Warum? Alle Menschen möchten Frieden, warum gibt es dann keinen Weltfrieden? Warum gibt es Kriege, Diebstahl, alle Arten von Verbrechen? Niemand möchte bestohlen, verletzt oder getötet werden und dennoch passiert dies jeden Tag. Warum?

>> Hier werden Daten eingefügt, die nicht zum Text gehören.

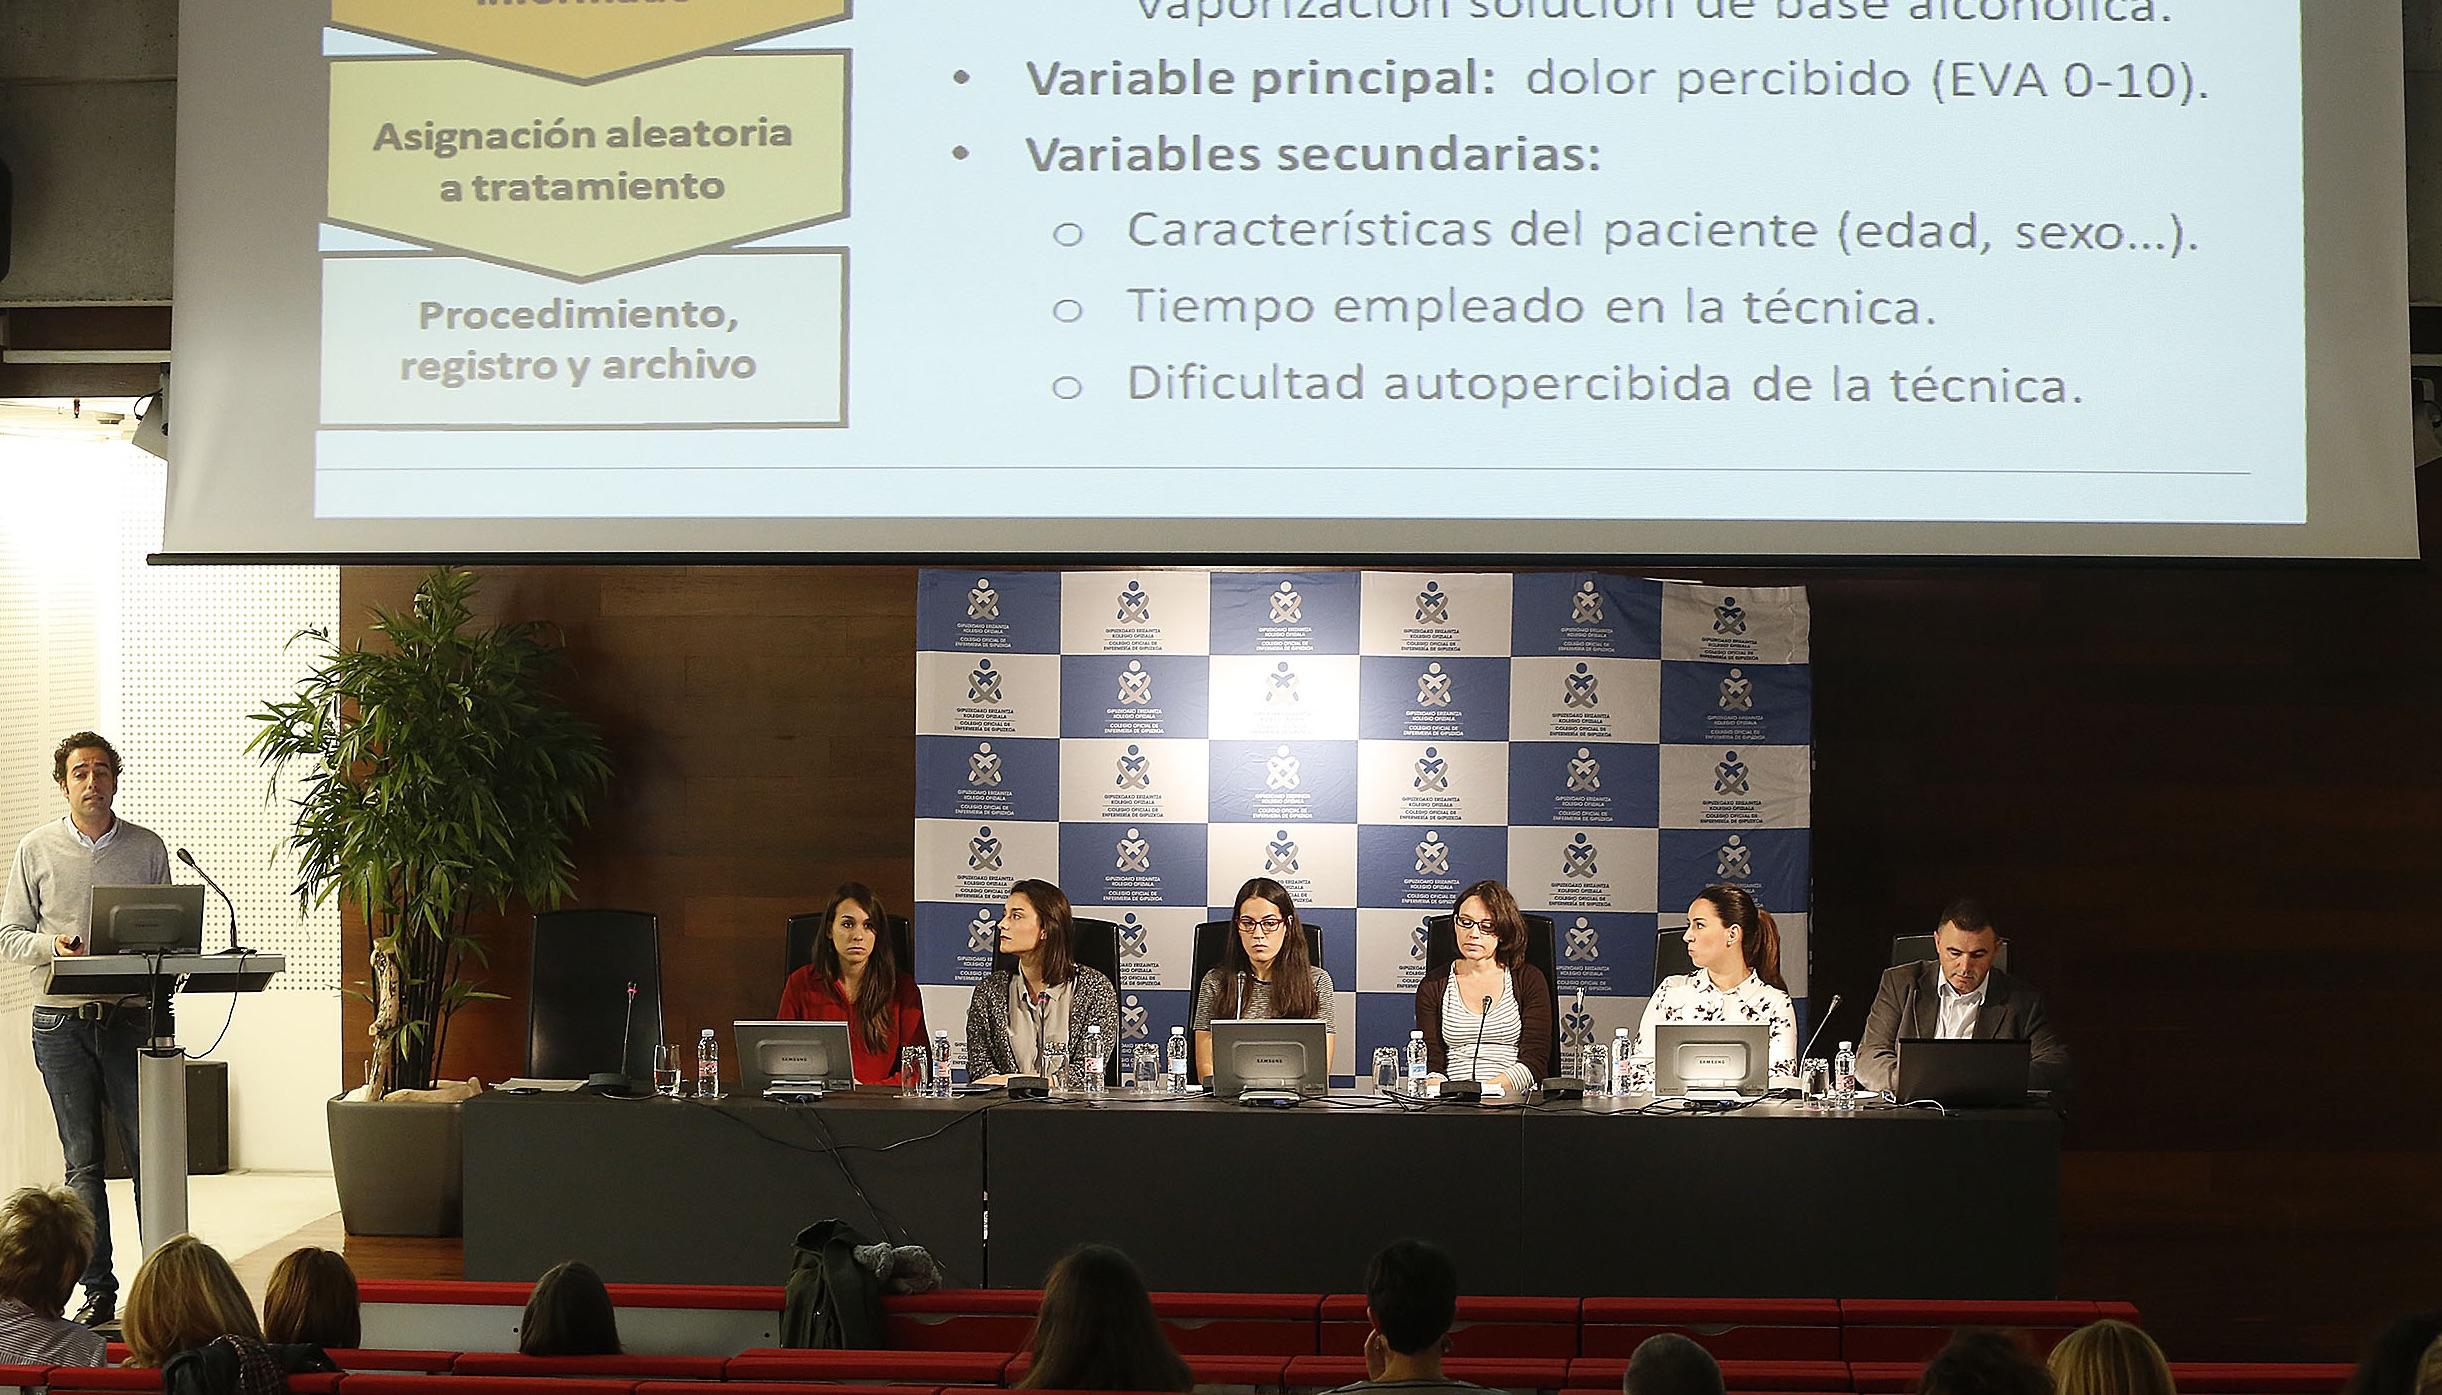 El Colegio de Enfermería de Guipúzcoa organiza la jornada sobre investigación enfermera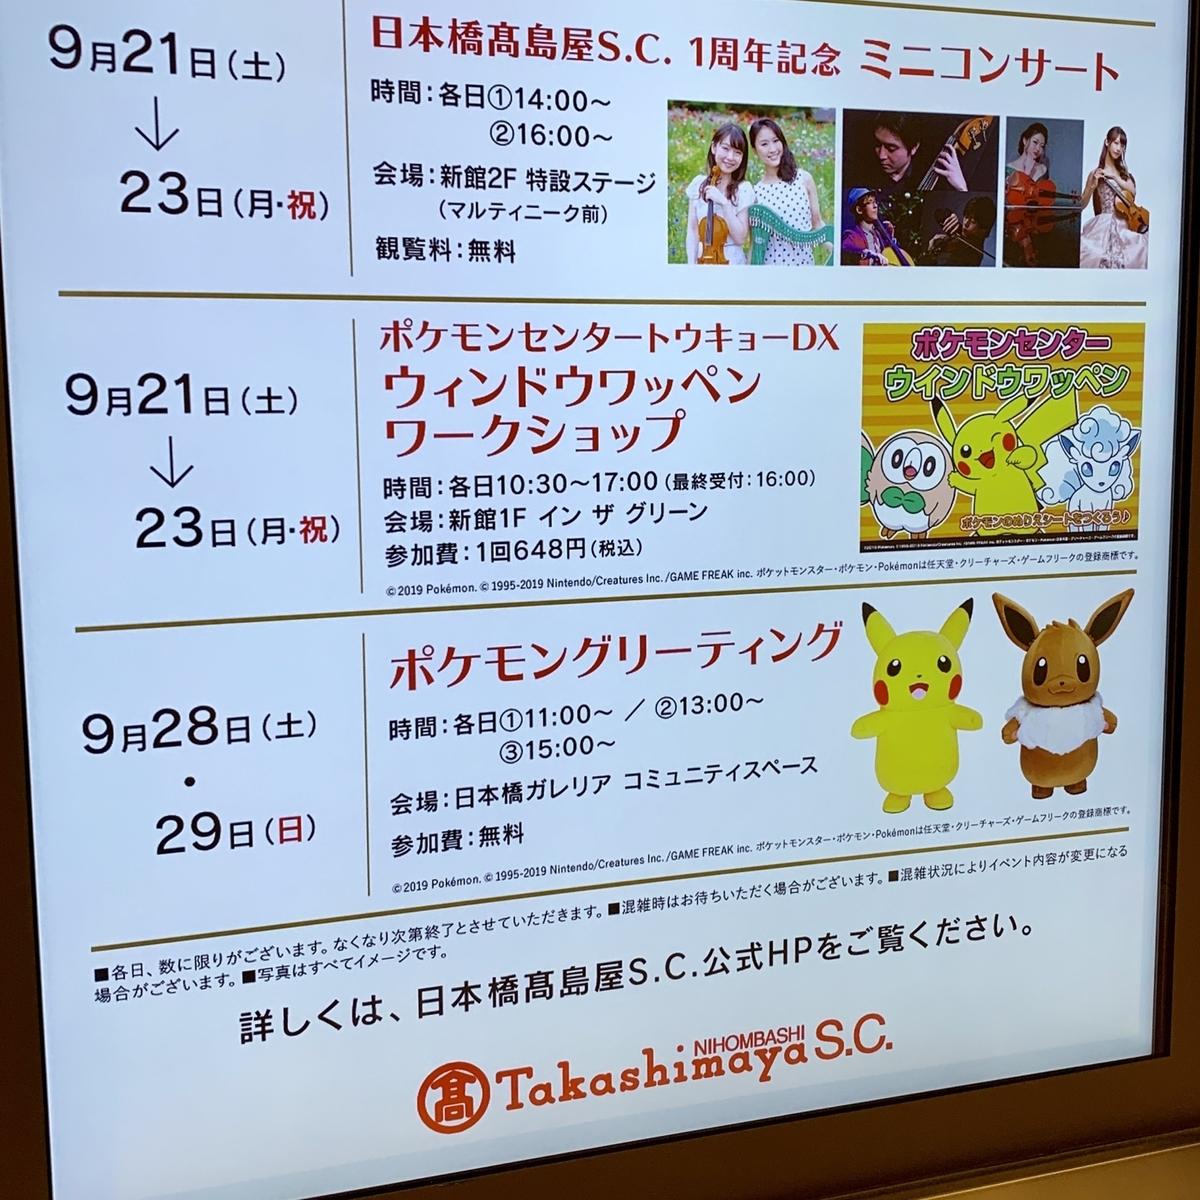 f:id:pikachu_pcn:20190913221826j:plain

Thomas Hobbes (1588-1679), Philosoph und Staatstheoretiker, sieht den Menschen in seinem Buch „Leviathan“ als einen, der Leidenschaft und Vernunft in sich vereinigt. Die ursächlichen Kräfte nutze der Menschen, um am Leben zu bleiben. Dem Menschen gehe es im Allgemeinen um Macht. Die Qualität der Dinge werde am Maßstab ihres Nutzens für die Machtperspektive gemessen. Daraus leitet er ab, dass jeder dem anderen ein Feind sei, weil jeder diesen Anspruch stelle und damit bei anderen gleichzeitig gefährden kann.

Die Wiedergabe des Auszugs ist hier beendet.